Nearly half of those surveyed admitted to being highly influenced by the reputation of the chief executive when they bought stocks. The same number said they continued to believe a company, even if it received negative publicity, as long as the image of the chief executive was in good shape. Around 57 per cent said they watched a company more closely in the media if they thought highly of its chief executive.

Like the stars of Big Brother, chief executives of Germany's most powerful companies are now as much media creations as business men. For the first time, German investors and employees could build up a relationship with a company through its chief executive, if only through the media.

But just as Germany was relatively late to jump on the star chief executive bandwagon, it was also one of the first to spring off again. Ron Sommer of Deutsche Telekom was one of the first old-economy chief executives to make the crossover to star status. But he was also one of the first to fall on his sword.

No amount of media skills and sharp suits could hide the company's €67 billion debts and gloomy outlook. Dr Sommer, star chief executive, was jettisoned and replaced with a 72-year-old pensioner.

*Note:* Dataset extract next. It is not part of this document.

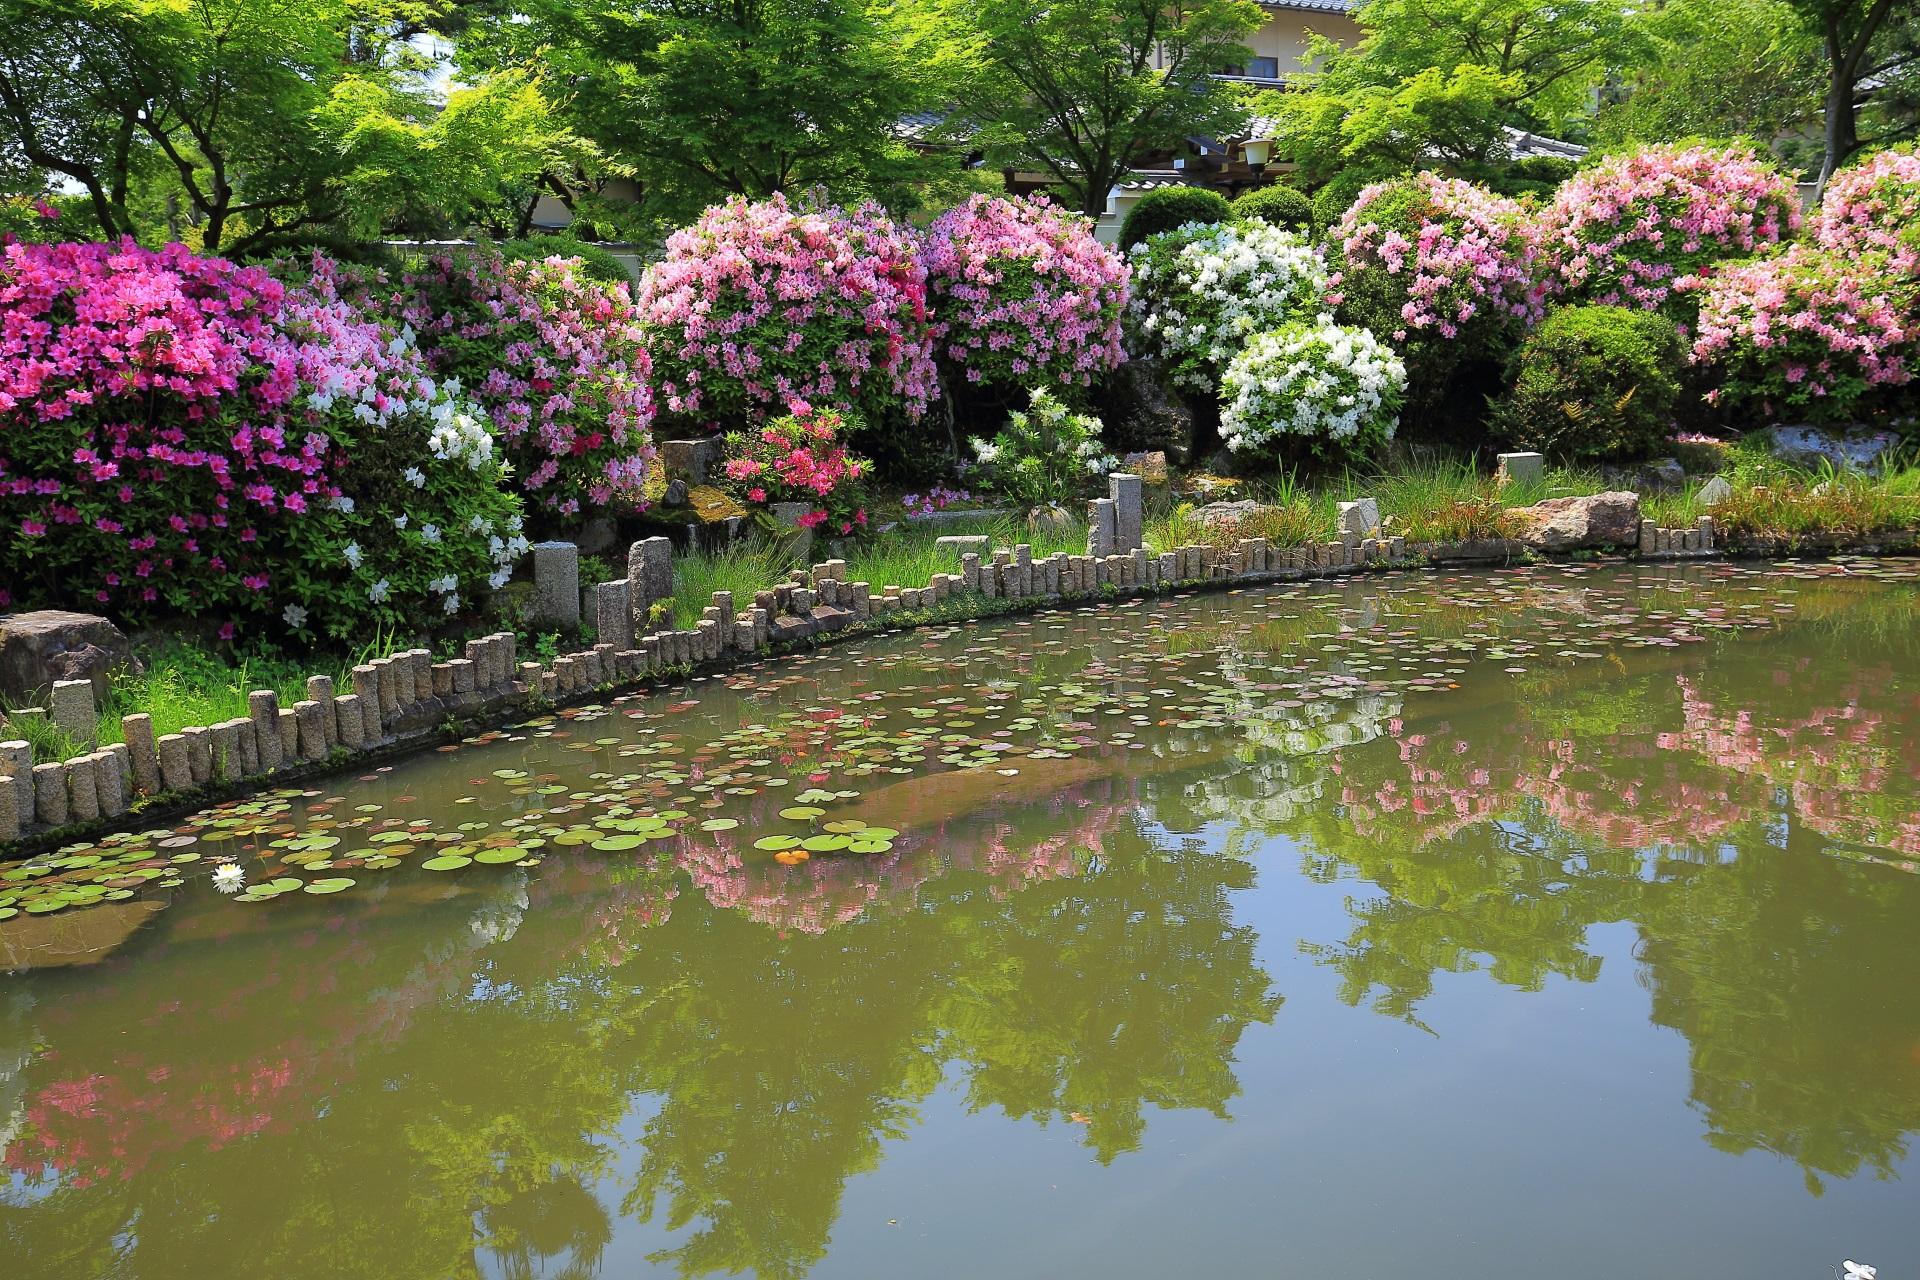 妙満寺の池の畔のツツジとほのかな水鏡
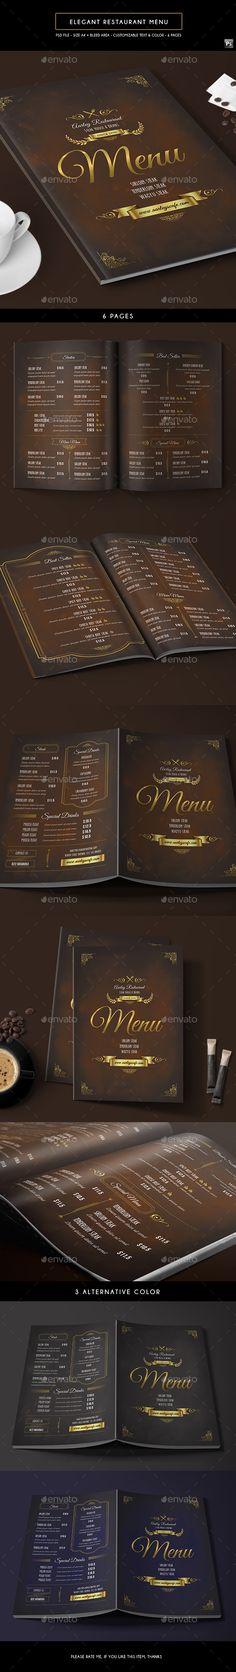 Michelin Stars Restaurant Menu Pinterest Menu templates, Food

Over at Bertelsmann, chief executive Mr Thomas Middelhoff appeared to be doing a good job. In his four years at the top he transformed a 150-year-old hymn-sheet publisher into the fifth-largest media conglomerate in the world with a turnover of €19 billion.

But Mr Middelhoff merely supplied an outward sheen to an old-fashioned company that is still in private hands, controlled by a trust and the founding Mohn family.

"Middelhof was a disaster. For all his acquisition success, it remains to be seen how the company's acquisitions can be integrated," says Mr Daniel Bögler, financial editor of the Financial Times Deutschland, which is half-owned by Bertelsmann.

Despite taking the company on a spending spree, Bertelsmann is in good financial shape. But, unlike French media consortium Vivendi, the board was not waiting for disaster to strike before replacing its celebrity chief executive.

The departure of Mr Middelhoff is just another sign that German business is going back to "competent but dull" managers, says Mr Bögler.

"German companies tried to import the star chief executive and the US management model without changing the structures underneath," he says. "It was never going to work because it was so superficial. Now we see the body rejecting it."

His view is shared by Dr Regina Maria Jankowitsch, a media trainer and author of the book In the Stock Market Footlights.

"The star chief executives in Germany want all the money that chief executives earn in the US, but want to take on as little responsibility as possible," she says. A good chief executive proves his or her worth not in the good times, but when German star chief executives were faced with their first crisis last year, they "ran around like headless chickens", she says.

Like all media-created stars, Germany's celebrity chief executives have had their 15 minutes of fame.

Now, they are being told it is time to get off the stage.